__What you need to do__
Of the lines in the material below, print only those from the one containing "RIMOWA Essential Lite" to the one containing "NOUVELLE-CALEDONIE 2010 TIMBRE", ends included, exactly as written and without pictures.

__Provided material__
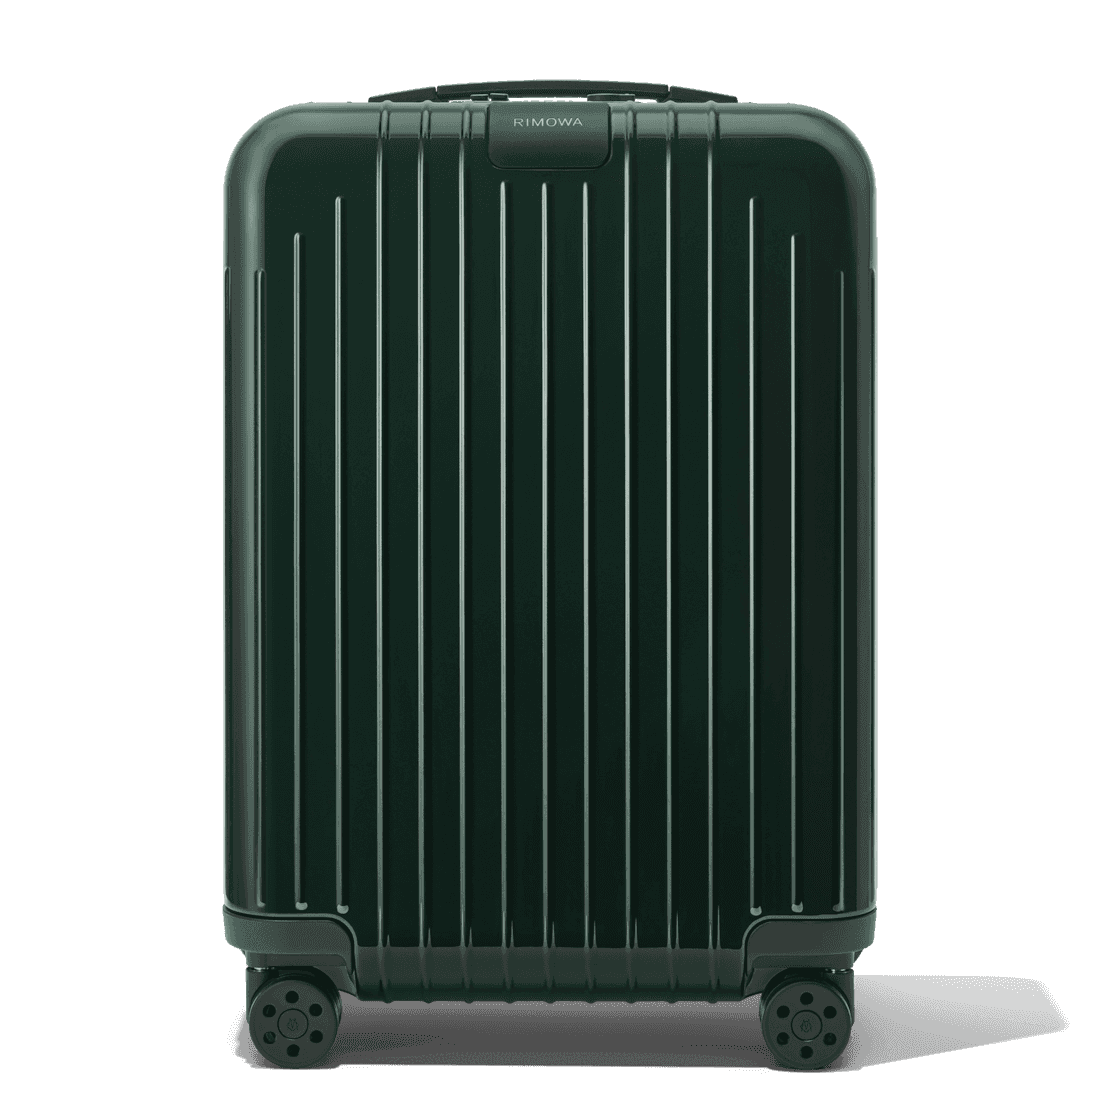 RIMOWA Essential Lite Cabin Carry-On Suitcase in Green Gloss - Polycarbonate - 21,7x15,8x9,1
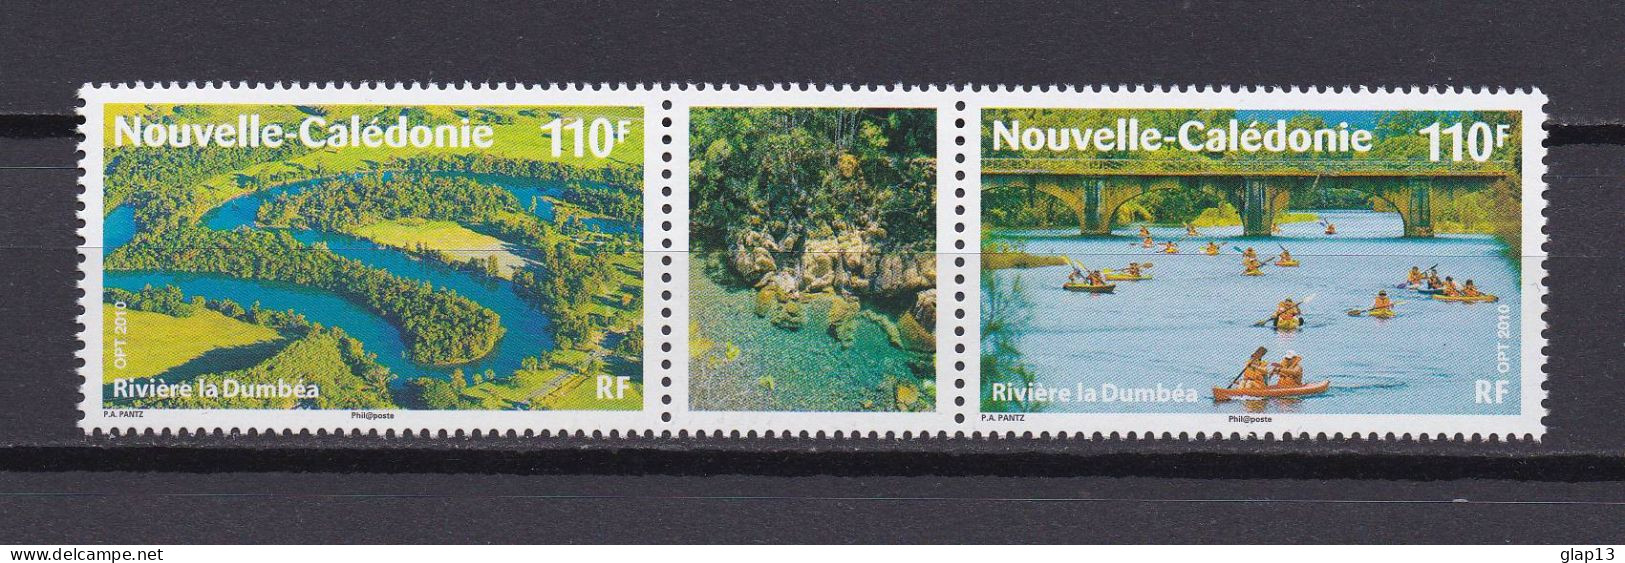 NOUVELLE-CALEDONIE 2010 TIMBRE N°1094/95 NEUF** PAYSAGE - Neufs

---

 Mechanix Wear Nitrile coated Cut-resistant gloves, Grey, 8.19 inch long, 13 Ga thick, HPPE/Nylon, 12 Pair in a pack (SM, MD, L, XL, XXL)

__Response below__
 RIMOWA Essential Lite Cabin Carry-On Suitcase in Green Gloss - Polycarbonate - 21,7x15,8x9,1
 NOUVELLE-CALEDONIE 2010 TIMBRE N°1094/95 NEUF** PAYSAGE - Neufs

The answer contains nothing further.